Tue Aug 7 14:04:12 UTC 2018

On Tue, Aug 7, 2018 at 3:54 PM, Christian König
<christian.koenig at amd.com> wrote:
> Am 07.08.2018 um 15:37 schrieb Daniel Vetter:
>>
>> On Tue, Aug 07, 2018 at 03:17:06PM +0200, Christian König wrote:
>>>
>>> Am 07.08.2018 um 14:59 schrieb Daniel Vetter:
>>>>
>>>> On Tue, Aug 07, 2018 at 02:51:50PM +0200, Christian König wrote:
>>>>>
>>>>> Am 07.08.2018 um 14:43 schrieb Daniel Vetter:
>>>>>>
>>>>>> On Tue, Aug 07, 2018 at 01:23:19PM +0200, Christian König wrote:
>>>>>>>
>>>>>>> Am 07.08.2018 um 13:05 schrieb Chris Wilson:
>>>>>>>>
>>>>>>>> amdgpu only uses shared-fences internally, but dmabuf importers rely
>>>>>>>> on
>>>>>>>> implicit write hazard tracking via the
>>>>>>>> reservation_object.fence_excl.
>>>>>>>
>>>>>>> Well I would rather suggest a solution where we stop doing this.
>>>>>>>
>>>>>>> The problem here is that i915 assumes that a write operation always
>>>>>>> needs
>>>>>>> exclusive access to an object protected by an reservation object.
>>>>>>>
>>>>>>> At least for amdgpu, radeon and nouveau this assumption is incorrect,
>>>>>>> but
>>>>>>> only amdgpu has a design where userspace is not lying to the kernel
>>>>>>> about
>>>>>>> it's read/write access.
>>>>>>>
>>>>>>> What we should do instead is to add a flag to each shared fence to
>>>>>>> note if
>>>>>>> it is a write operation or not.

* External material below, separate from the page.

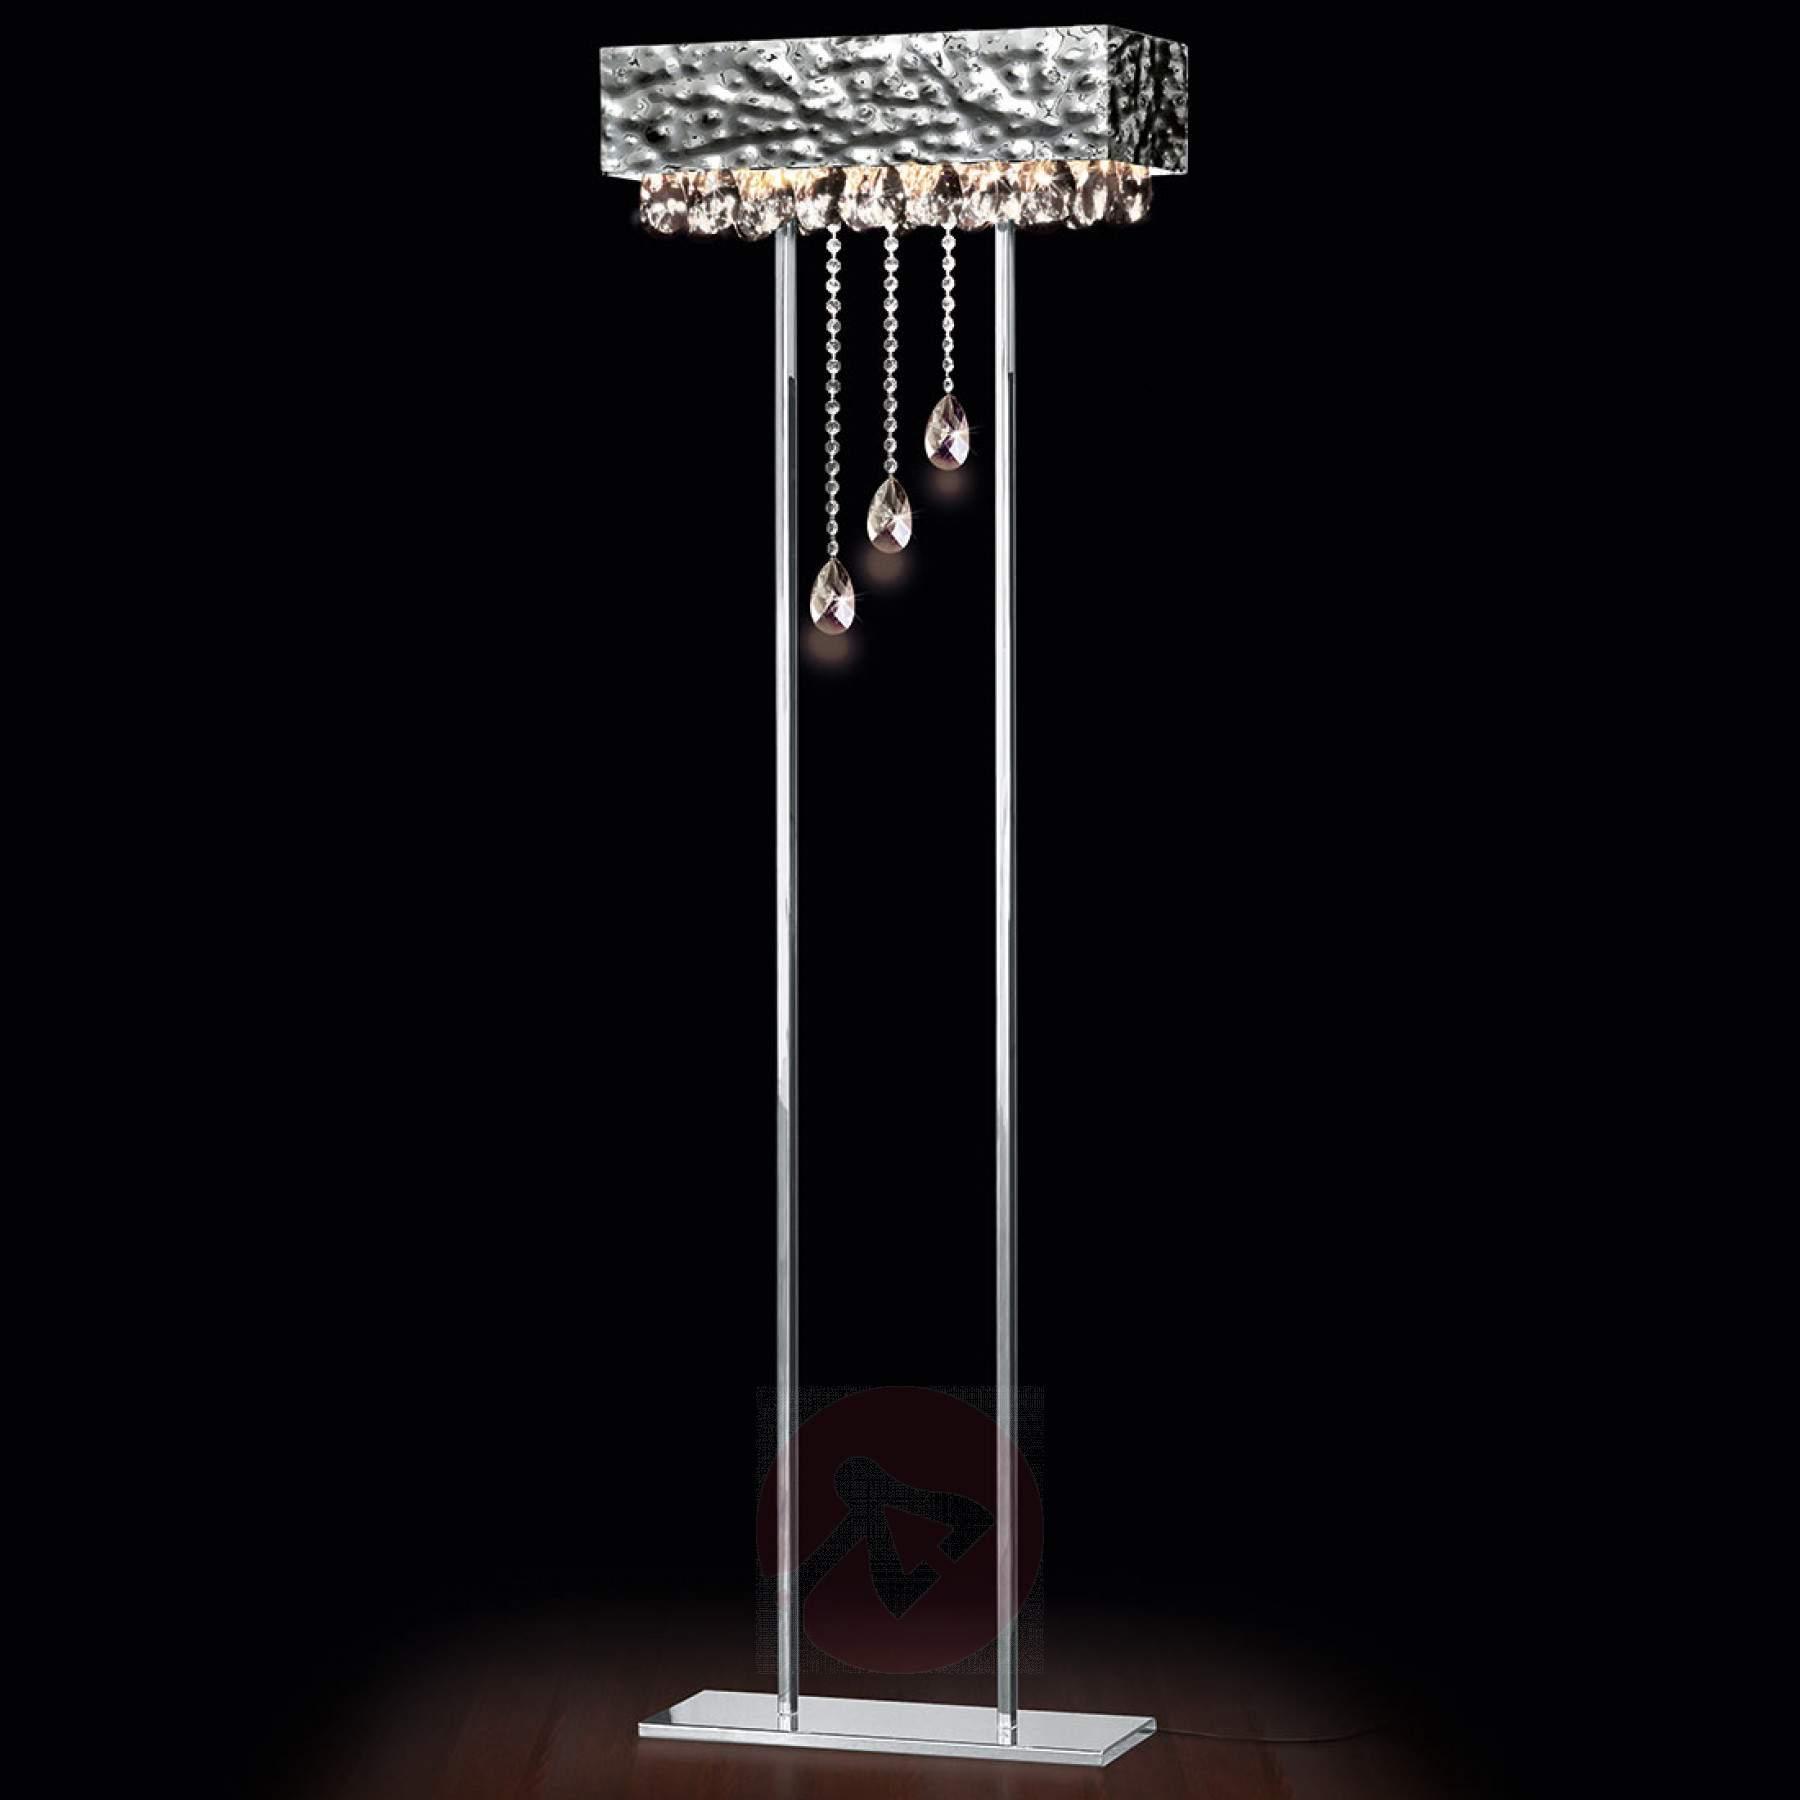 Full Size of Kristall Stehlampe Glanzvolle Stehleuchte Magma Mit Kristallbehang Kaufen Lampenweltde Wohnzimmer Stehlampen Schlafzimmer Wohnzimmer Kristall Stehlampe

Then we can trivially add a function
>>>>>>> to wait
>>>>>>> on on those in i915.
>>>>>>>
>>>>>>> I should have pushed harder for this solution when the problem came
>>>>>>> up
>>>>>>> initially,
>>>>>>
>>>>>> For shared buffers in an implicit syncing setup like dri2 the
>>>>>> exclusive
>>>>>> fence _is_ your write fence.
>>>>>
>>>>> And exactly that is absolutely not correct if you ask me.
>>>>>
>>>>> The exclusive fence is for two use cases, the first one is for drivers
>>>>> which
>>>>> don't care about concurrent accesses and only use serialized accesses
>>>>> and
>>>>> the second is for kernel uses under the hood of userspace, evictions,
>>>>> buffer
>>>>> moves etc..
>>>>>
>>>>> What i915 does is to abuse that concept for write once read many
>>>>> situations,
>>>>> and that in turn is the bug we need to fix here.
>>>>
>>>> Again, the exclusive fence was added for implicit sync usage like
>>>> dri2/3.
>>>> _Not_ for your own buffer manager. If you want to separate these two
>>>> usages, then I guess we can do that, but claiming that i915 is the odd
>>>> one
>>>> out just aint true. You're arguing against all other kms drivers we have
>>>> here.
>>>
>>> No I'm not. I discussed exactly that use case with Maarten when the
>>> reservation object was introduced.
>>>
>>> I think that Maarten named the explicit fence on purpose "explicit" fence
>>> and not "write" fence to make that distinction clear.
>>>
>>> I have to admit that this wasn't really documented, but it indeed was the
>>> original purpose to get away from the idea that writes needs to be
>>> exclusive.
>>>
>>>>>> That's how this stuff works. Note it's only
>>>>>> for implicit fencing for dri2 shared buffers. i915 lies as much as
>>>>>> everyone else for explicit syncing.
>>>>>
>>>>> That is really really ugly and should be fixed instead.
>>>>
>>>> It works and is uapi now. What's the gain in "fixing" it?
>>>
>>> It allows you to implement explicit fencing in the uapi without breaking
>>> backward compatibility.
>>>
>>> See the situation with amdgpu and intel is the same as with userspace
>>> with
>>> mixed implicit and explicit fencing.
>>>
>>> If that isn't fixed we will run into the same problem when DRI3 gets
>>> implicit fencing and some applications starts to use it while others
>>> still
>>> rely on the explicit fencing.
>>
>> I think we're a bit cross-eyed on exact semantics, but yes this is exactly
>> the use-case. Chris Wilson's use-case tries to emulate exactly what would
>> happen if implicitly fenced amdgpu rendered buffer should be displayed on
>> an i915 output. Then you need to set the exclusive fence correctly.
>
>
> Yes, exactly. That's what I totally agree on.
>
>> And yes we called them exclusive/shared because shared fences could also
>> be write fences. But for the implicitly synced userspace case, exclusive =
>> The write fence.
>>
>> So probably Chris' patch ends up syncing too much (since for explicit
>> syncing you don't want to attach an exclusive fence, because userspace
>> passes the fence around already to the atomic ioctl). But at least it's
>> correct for the implicit case. But that's entirely an optimization problem
>> within amdgpu.
>
>
> Completely agree as well, but Chris patch actually just optimizes things. It
> is not necessary for correct operation.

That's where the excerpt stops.